I looked at a XXS Titus X but with the iffy-ness of the brand and the fact that I could not find even a used one, I have discarded that option. If I had tons of money to blow, I would look at the Pivot Mach 4 in XS, but I dont have the money to waste...which brings me to the most reasonable option if the 28.7" standover will be cutting it too close...

That option (which won't actually be available until the beginning of January for sure per Trek) is the new Lush by Trek. The standover on the Lush is supposed to be 27.1" but potentially lower because they say they measure the standover from the "center" of the top tube.... I live in the DFW, TX area and would absolutely let your fiance check out my bike for size or whatnot. There is a shop in this area that has an 09 Juliana in the Sand color in XS, but that color is just disgusting in my opinion and I would have to paint the bike in order to own it! I have done tons of research to find a bike that will fit and you are very lucky that she has a 28" inseam and not any smaller!


----------



## paulrb02 (Aug 3, 2009)

The Santa Cruz website lists the XS Juliana as 27.8 stand over. is this wrong? It shows the medium as 28.7. 

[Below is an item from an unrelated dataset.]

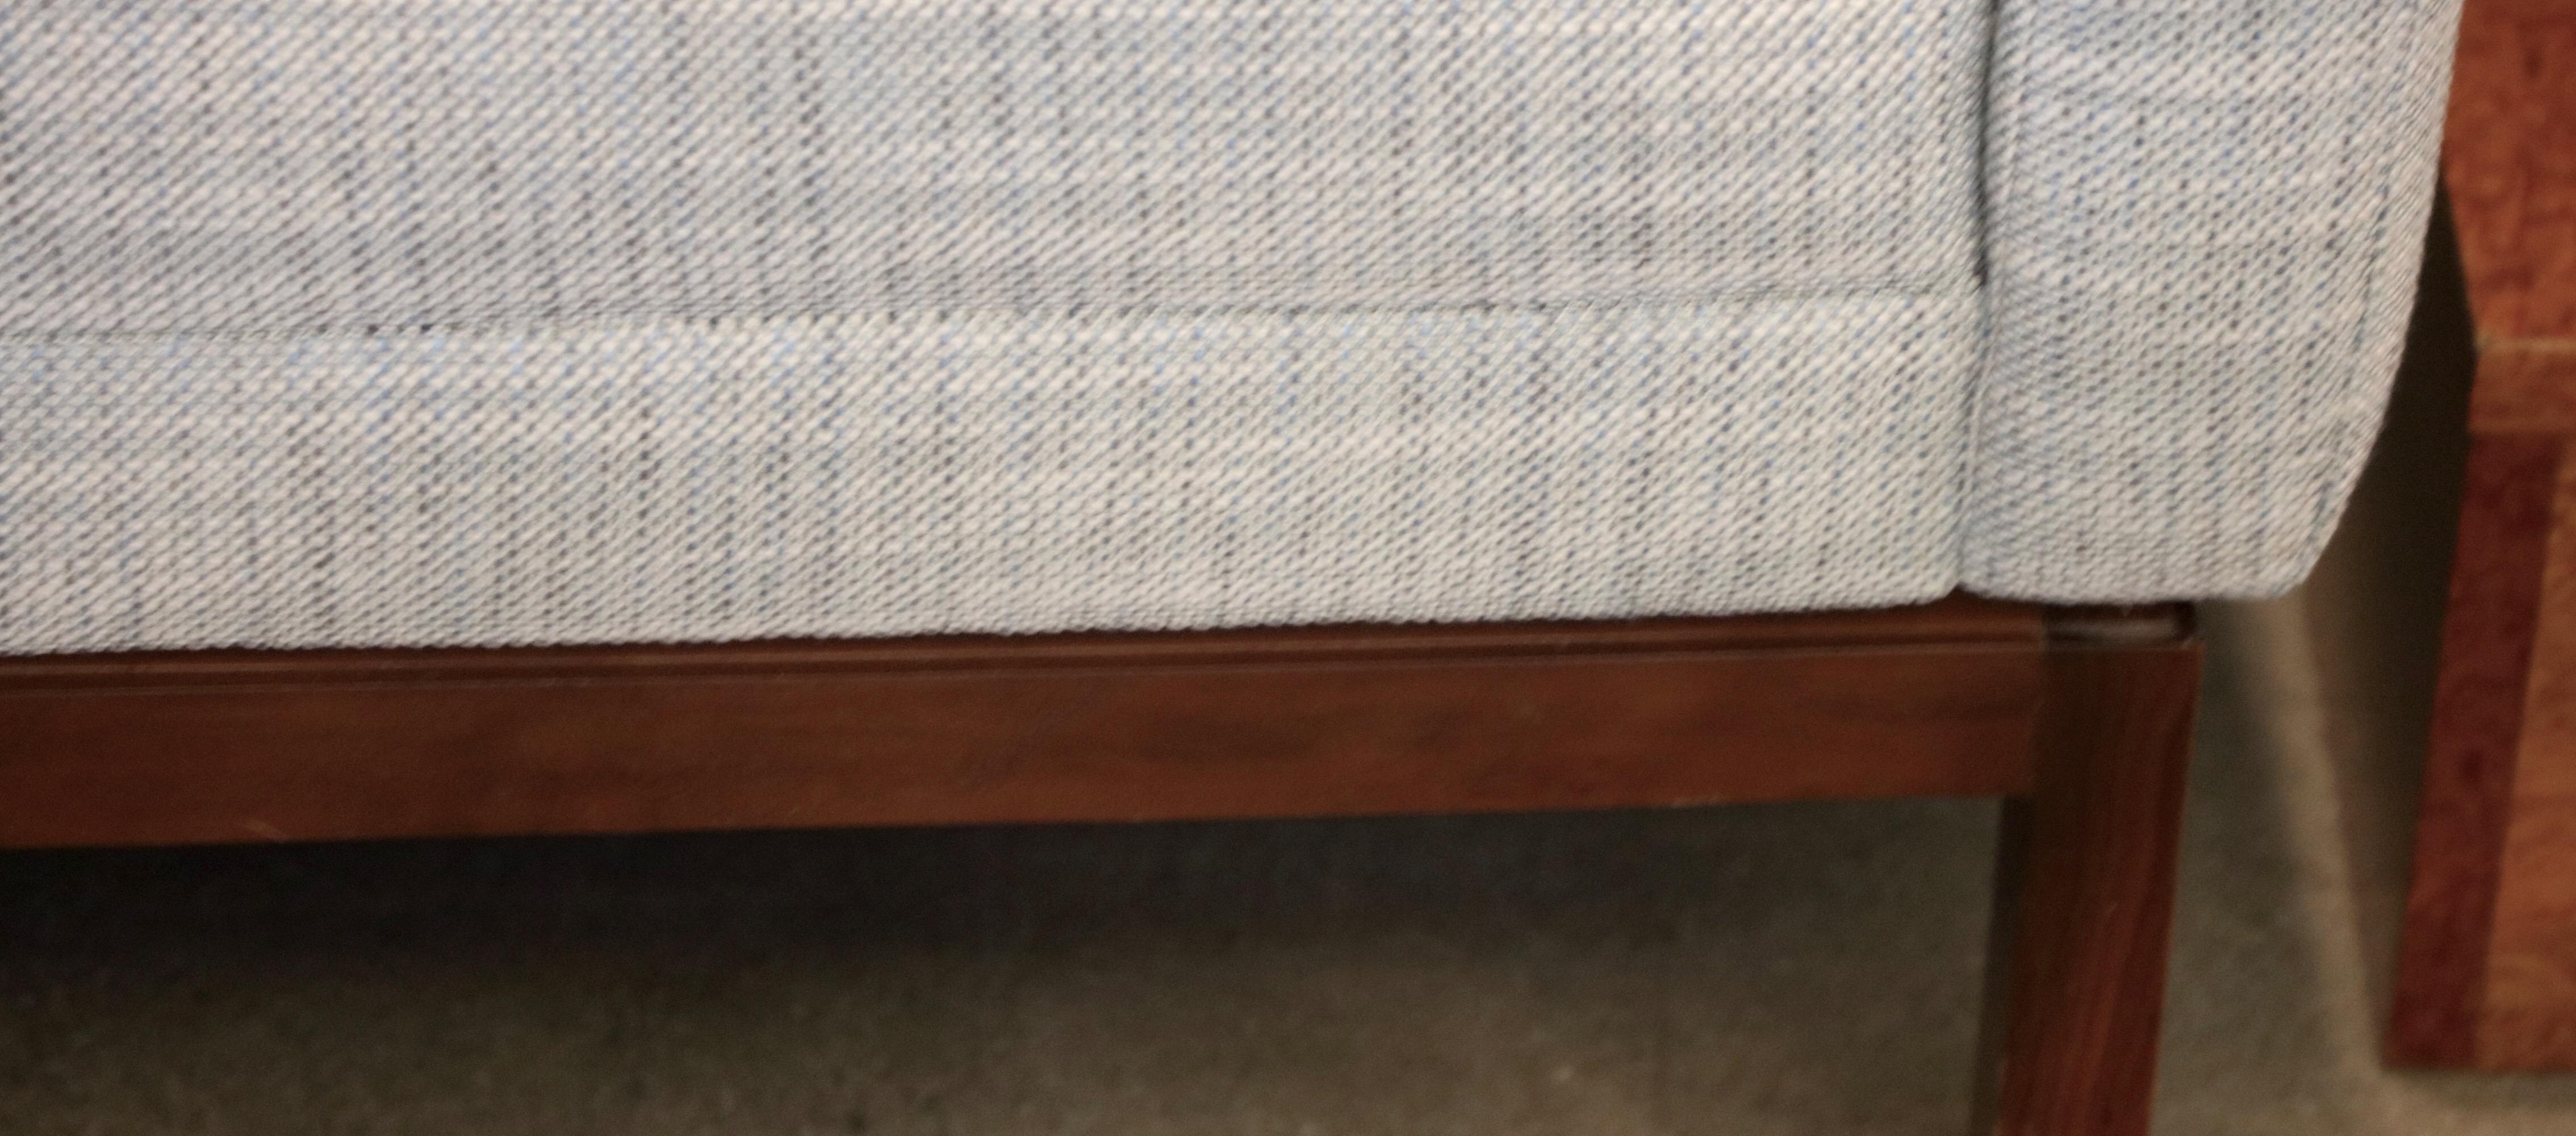 A Florence Knoll sofa from the 1960s redone and re-upholstered. Not Labelled, but was marked before upholstery. There are some minor marks to the walnut base.

Also her stand over is 28". Inseam is longer. We did the spread feet 12" apart and used a book against the wall. (yeah really long legs and a short torso) So 28" is her actual stand over, and I know frames in this size with 100mm fork the top tube runs at crazy angles, so the stand over is always a bit different depending on where you measure it. 

Compared to her current bike (Trek Skye SL) the stand over(according to their numbers) and Top Tube are about the same, but the Bottom Bracket is about an inch higher on the Juliana.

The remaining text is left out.